Gwen John’s Girl in a Blue Dress (around 1914-15) sold for £20 in 1935 Courtesy of Amgueddfa Cymru—Museum Wales

The National Museum Cardiff is mounting a major survey exhibition of one of the most famous artists in its collection, Gwen John (1876-1939), nine decades after it invested just £20 on a painting by an artist then almost unknown.

Gwen John: Strange Beauties marks the 150th anniversary of John’s birth in Wales and will be the most comprehensive exhibition of the artist in decades, with major loans from institutions such as the Tate and the Museum of Modern Art in New York. The show, which will travel to Scotland and the US, will aim to emphasise John’s interest in form, materials and colour theory, and will feature late watercolours that she never sold or exhibited but kept in her studio until her death.

John’s work rarely sold in her lifetime, even though she was greatly admired by other artists, particularly her Paris contemporaries. Now though, those same works are cherished by major museums and private collectors across the world, while her life is celebrated in biographies, films and documentaries. The prophecy of her rambunctious brother Augustus John—who overshadowed his quiet sister—that 50 years after their death she would be the more famous, has come true.

‘My little paintings’

Augustus championed his sister’s work and included eight of her paintings in an exhibition of contemporary Welsh artists—one of which, Girl in a Blue Dress, the Cardiff museum bought in 1935 for £20. At the time, John had held just one solo exhibition, and of the few paintings she had ever sold, most were in the US through her only influential patron, the collector John Quinn. She wrote to David Kighley Baxandall, the museum’s assistant keeper of art, from her home on the outskirts of Paris: “I am very pleased and honoured that you have bought one of my little paintings for the Museum, and I thank you for your praise and criticism of it. In an article on the exhibition, your competent and intuitive appreciation of my brother’s work has given me pleasure.”

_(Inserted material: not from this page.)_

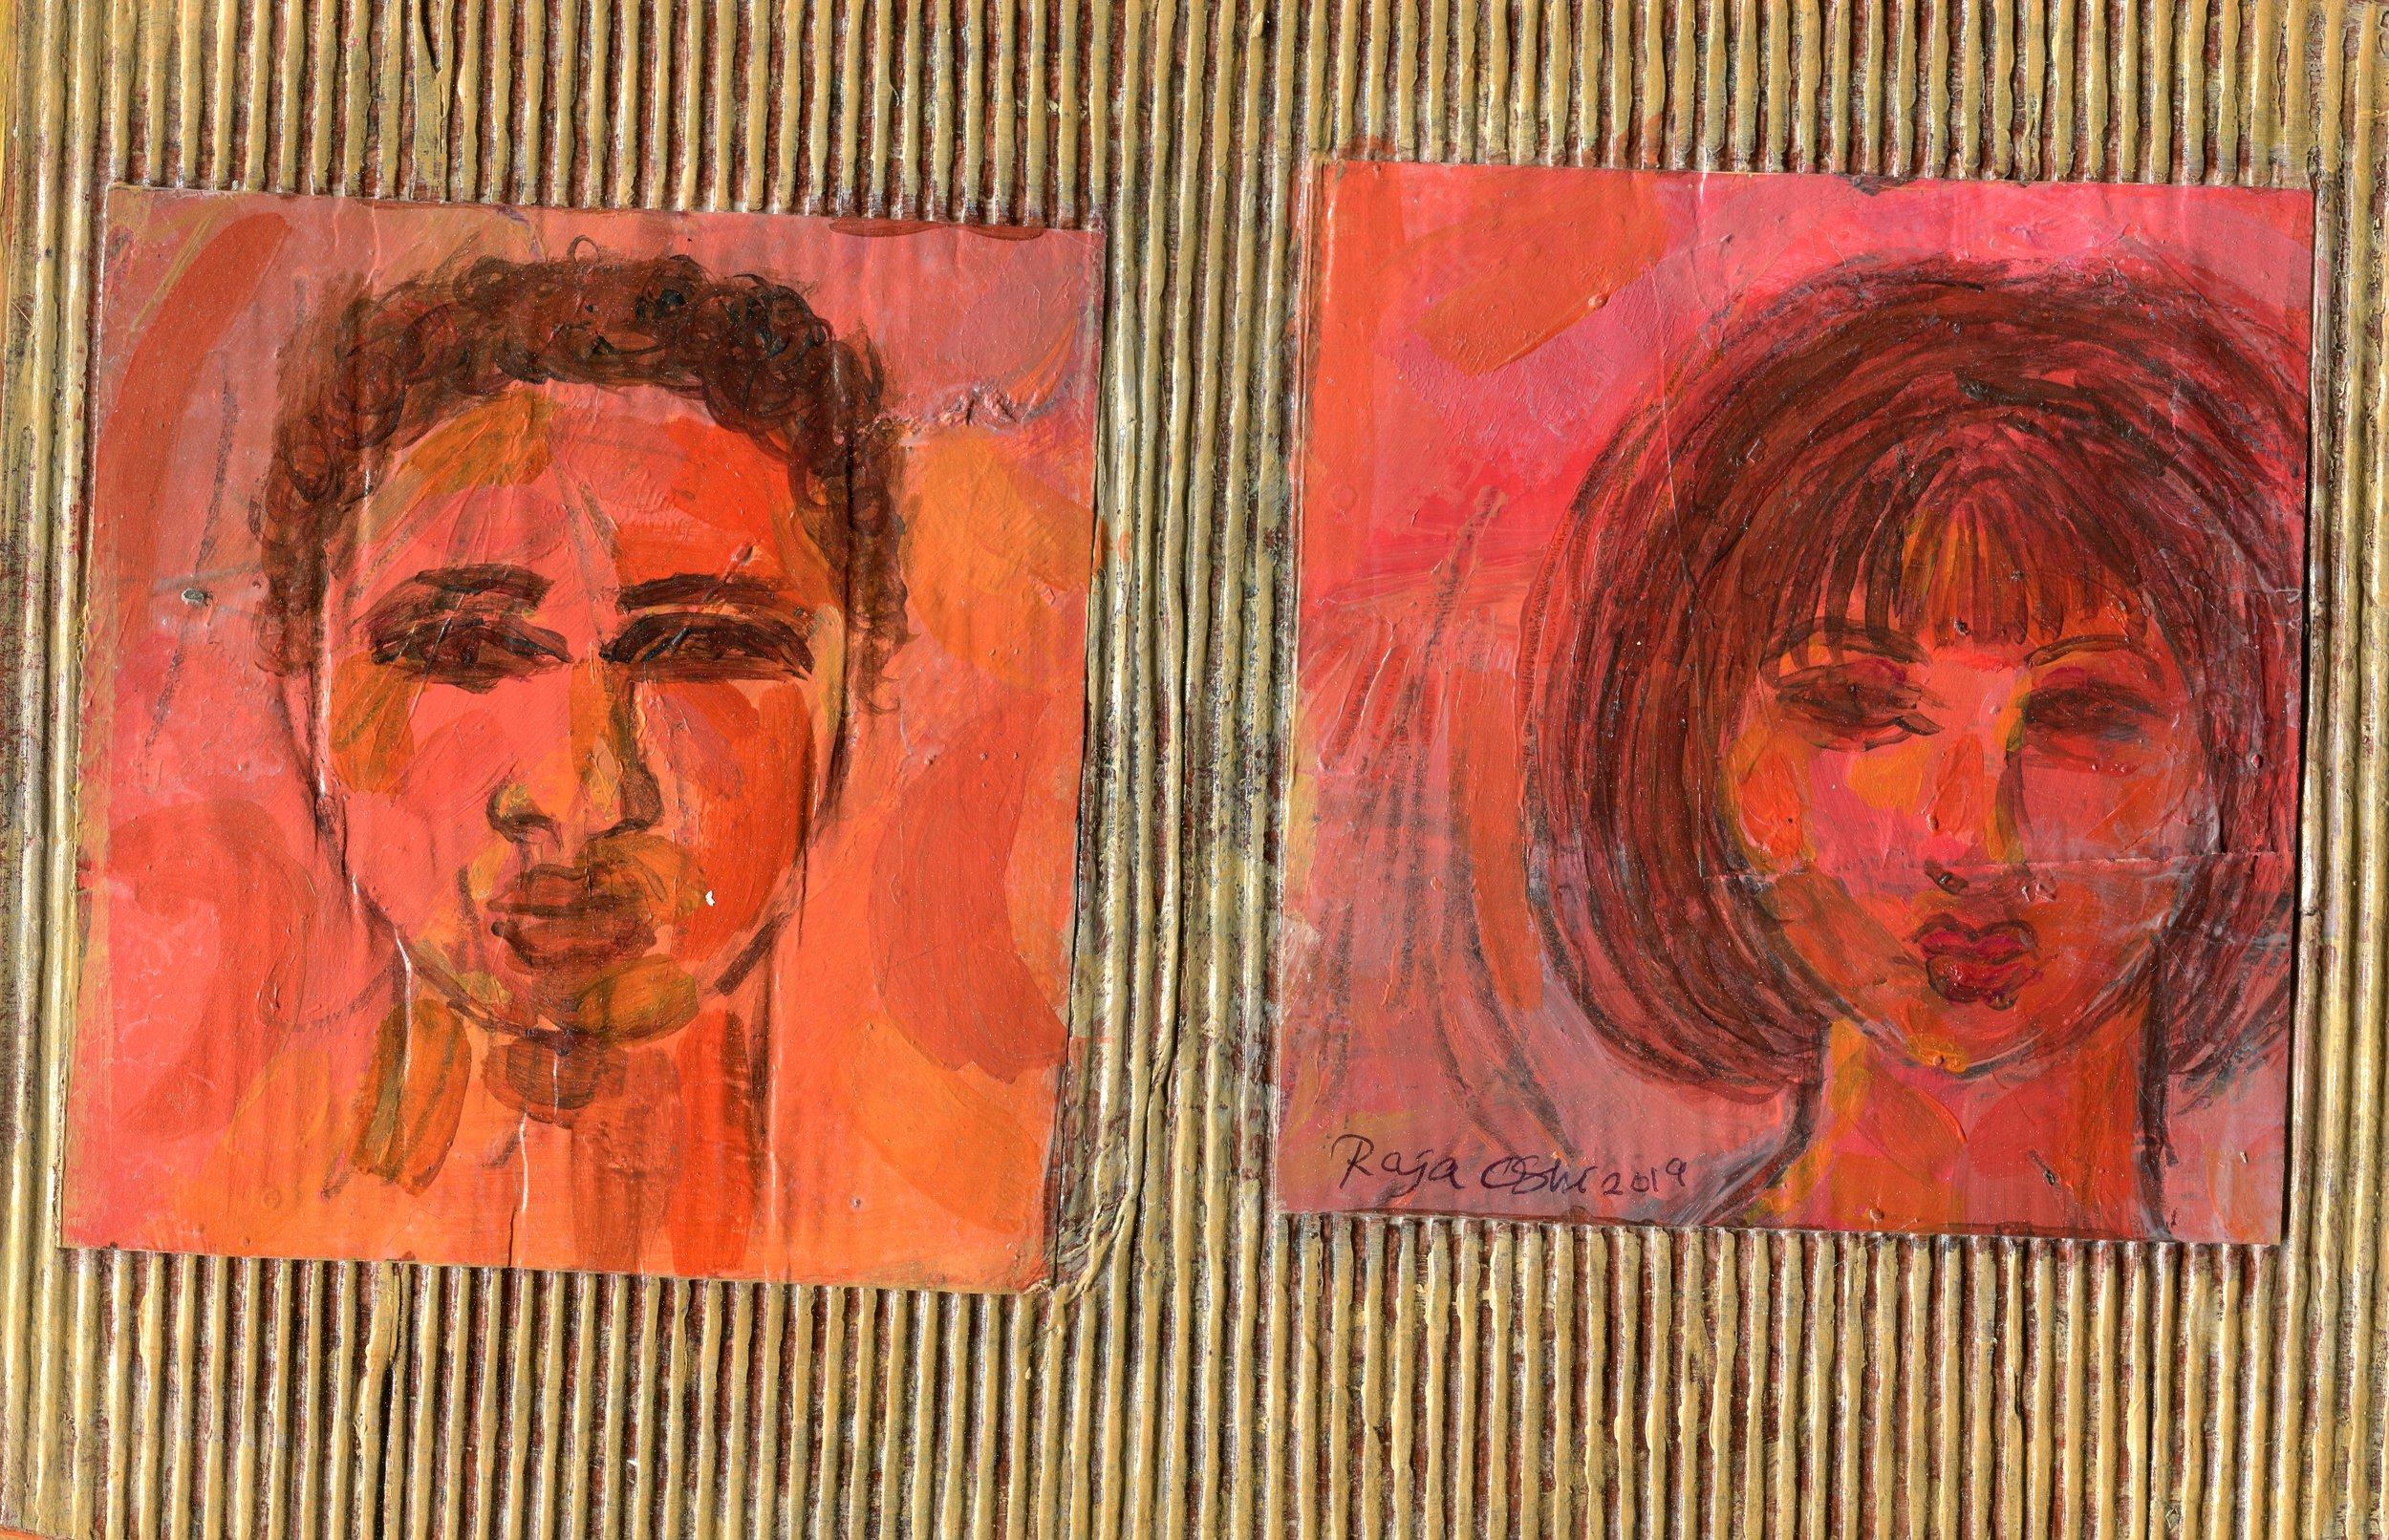 20b  Raja Oshi  Something like love  acrylic on paper

John’s Flowers in a Jug Courtesy of Amgueddfa Cymru—Museum Wales

The museum continued to collect her work, and in 1976 acquired the archive of over 900 drawings, letters, photographs and notes that she had kept in her studio until her death in Dieppe in 1939, giving them the largest collection of her work in the world. The exhibition title, Strange Beauties, comes from the artist’s description of herself as “a seer of strange beauties, a teller of harmonies, a diligent worker”.

Lucy Wood, the co-curator of the exhibition, believes the emphasis on John’s life—for example, her passionate relationship with the sculptor Auguste Rodin, and the perception of her as an eccentric recluse after its breakdown—and the reading of her paintings of solitary women and empty rooms as autobiographical, has distracted from the importance of the work itself. “She has been seen as both a timid recluse and a paragon of feminism and neither view is wholly true,” Wood says.

After months reading hundreds of pages of mainly unpublished notes, letters and drawings in the archive, Wood believes they reveal aspects of John’s life and work that have been overshadowed by the biographical emphasis of many exhibitions. Wood sees John’s conversion to Roman Catholicism in 1913, and her close relationship with the convent near her home, not as a further retreat from life but as broadening her art, her subjects and her techniques.

The late watercolours reveal a wider colour range, often using new synthetic paints, and more diverse subjects than the famous grey-and-blue seated women with their meekly folded hands. Wood sees less a wan recluse than a woman who determinedly made a space of her own where she could work, and an artist who was very aware of the work of contemporary artists, thinkers and writers.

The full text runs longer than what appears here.